Yes, typical colour, if you have seen the skyline/city from the air .. occurs in several places  ... and also typical in another sense



> I don't know that place. You say you need to have been there to recognise the landmarks?


Let's say if you know the  skyline of this city, you will recognize it ... I know we have several people from that city on the forum .. but they haven't found the thread yet 

.. I could post another image ...


----------



## cherrymoose

Charlotte, NC?
Dallas, TX?
Houston, TX?
Philadelphia, Pennsylvania?
Pittsburgh, Pennsylvania?
Washington D.C.? (probably not).

Yes, I'm just randomly (kind of) guessing.


----------



## Alex_B

cherrymoose said:


> Charlotte, NC?
> Dallas, TX?
> Houston, TX?
> Philadelphia, Pennsylvania?
> Pittsburgh, Pennsylvania?
> Washington D.C.? (probably not).


 
Got it there, now which one?? 
Image number 2 gives the typical material for this city!



> Yes, I'm just randomly (kind of) guessing.


 
Cunning!


----------



## NavyJelly

Pittsburg ?


----------



## Antarctican

I'll guess PIttsburgh then


----------



## PNA

Dallas


----------



## Antarctican

Ohhh, NavyJelly posted at the same time!  Drat


----------



## NavyJelly

Antarctican said:


> Ohhh, NavyJelly posted at the same time!  Drat


...Same time?...Oh no dear... I think not...


----------



## Alex_B

Aaaand the winneeer iiiis:

... *NavyJelly* !

it is indeed Pittsburgh : http://www.thephotoforum.com/forum/showthread.php?t=73944

sorry Anty, you were a bit late 

Now it is up to you to continue this, NavyJelly!


----------



## NavyJelly

Ooops.

ok. Momentje...


----------



## Antarctican

NavyJelly said:


> ...Same time?...Oh no dear... I think not...


Put it this way, when I was typing, your answer wasn't there yet.  But you clearly were first, hence my "drat" comment.


----------



## NavyJelly

Antarctican said:


> Put it this way, when I was typing, your answer wasn't there yet.  But you clearly were first, hence my "drat" comment.


I'm just teasing :hail:...

and for that you can have first guess in a minute


----------



## Alex_B

NavyJelly said:


> I'm just teasing :hail:...
> 
> and for that you can have first guess in a minute


 
well, maybe I am faster ...


----------



## NavyJelly

Hokey dokey....

Two will require good observance to figure it (or actually having been there), the 3rd is the give away.






A common fixture there...






God knows what these were up to, but the unexpected is a feature of this place...
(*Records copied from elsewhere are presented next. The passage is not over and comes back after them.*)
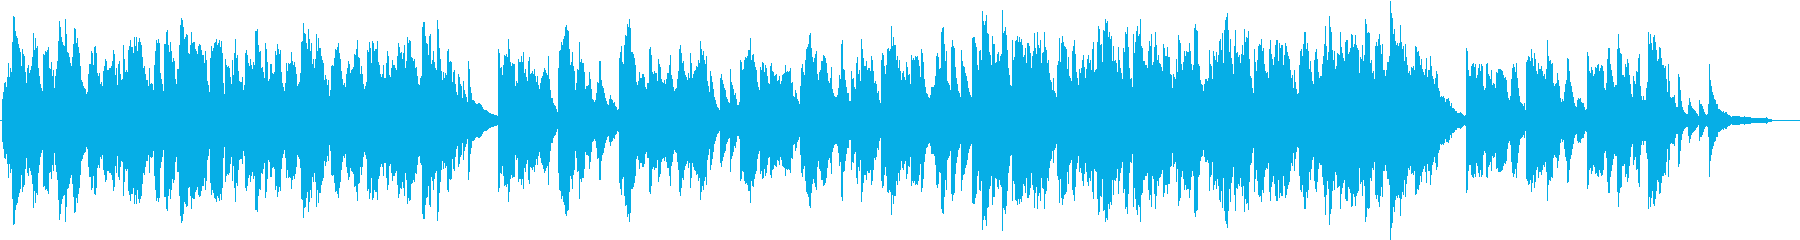 二胡とピアノのしっとりと切ないBGMの再生済みの波形
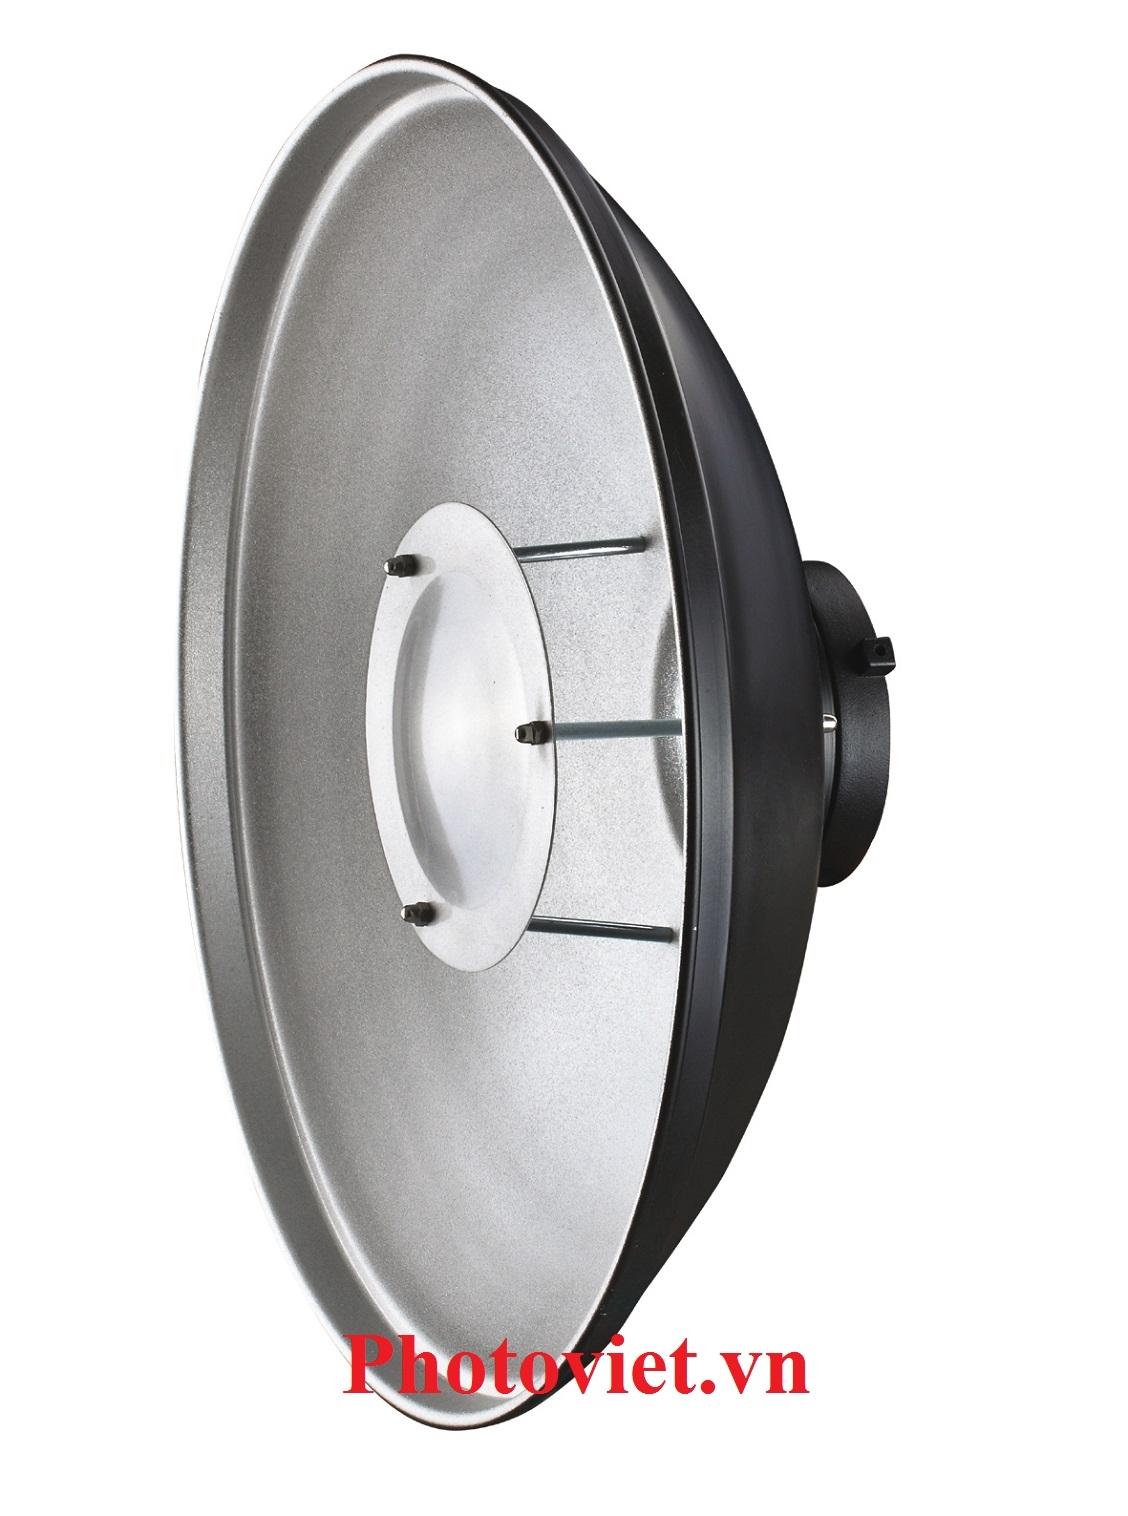 Beauty Dish Chóa Đèn Flash 58 Cm Photoviet
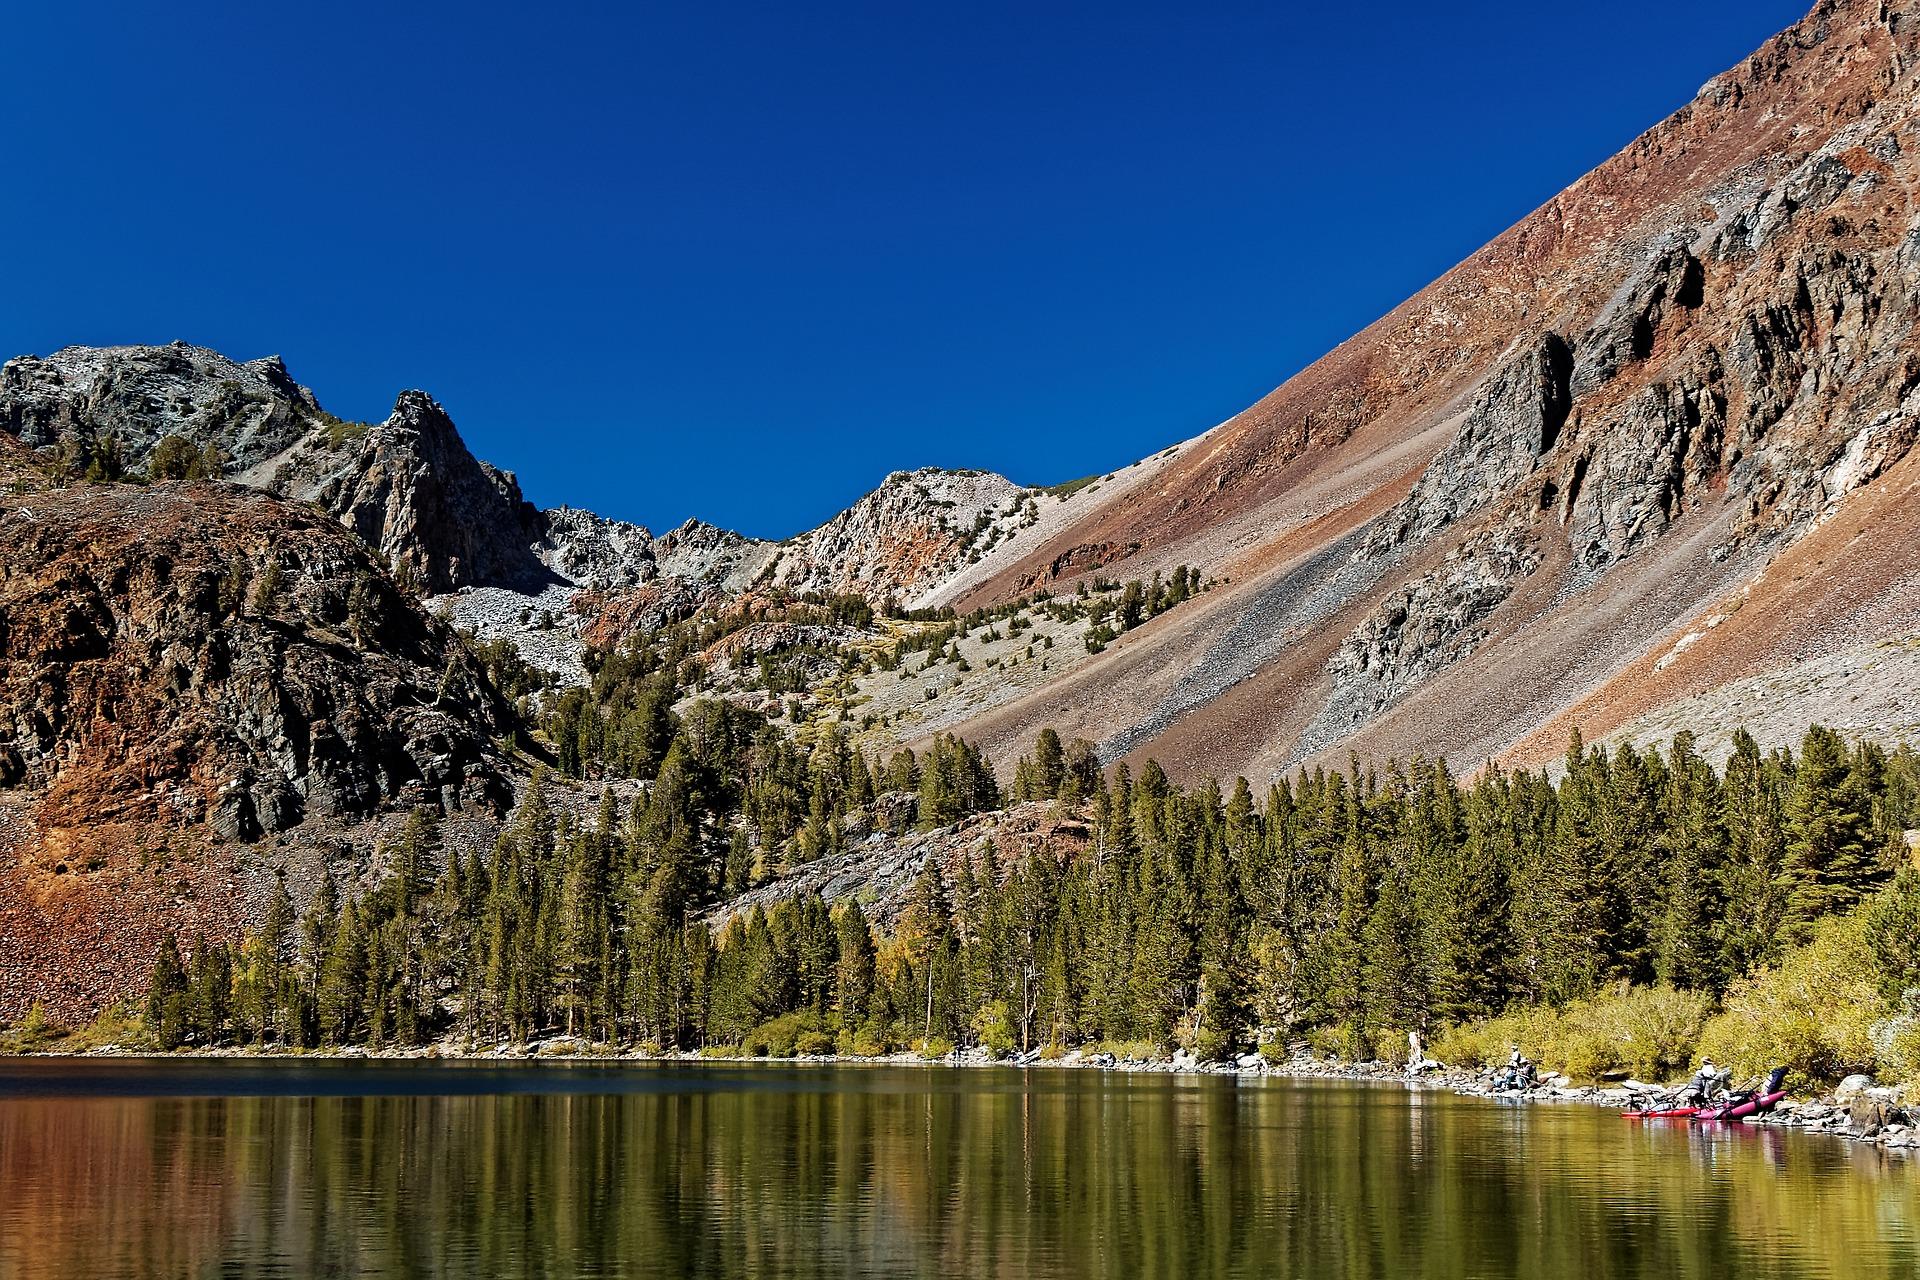 Lake in Yosemite National Park in California, USA

Not the usual view of this site...

I wont go far, you'll have it guessed in moments...


----------



## Antarctican

London?


----------



## Alex_B

yes, london .. you were lucky 

.. i knew it from the first one already ... the red tarmac .. and the spot is not far from buckingham palace


----------



## NavyJelly

Antarctican said:


> London?


And justice is served !:hail:

God that was a lame attempt....


----------



## Alex_B

NavyJelly said:


> And justice is served !:hail:
> 
> God that was a lame attempt....


 
I am sure Anty will serve us with something harder lmao: )


----------



## Antarctican

I actually got it from the first pic too...it's where i spent the last few hours of my trip to London in September (Hyde Park, right?)

Have to scan some pics, so it may be an hour or so 'til I post.


----------



## Antarctican

Okay, there are lots of clues in these pics, I think.


----------



## drgibson

Vancover BC?


----------



## Alex_B

hmmm. is it somewhere close to the US/Canadian border?


----------



## Antarctican

No and no.


----------



## Alex_B

darn .. that bridge looks familiar.. just where??? or is it because there are so many bridges of that type on this planet? ... hmmm


----------



## Tangerini

Savannah, Georgia?


----------



## Antarctican

Ding ding ding!!! Yes, Tangerini wins this round. Hope you've got a pic or two all ready to go!


(The clues in the pics were that the City is on a major river with large cargo ships [Savannah river], the bridge is fairly distinctive, the Savannah Oak trees dripping with Spanish moss are well known in that area of the world, and wrought iron railings are common on the older houses)


----------



## Tangerini

I thought it looked mighty "In the Garden of Good and Evil" 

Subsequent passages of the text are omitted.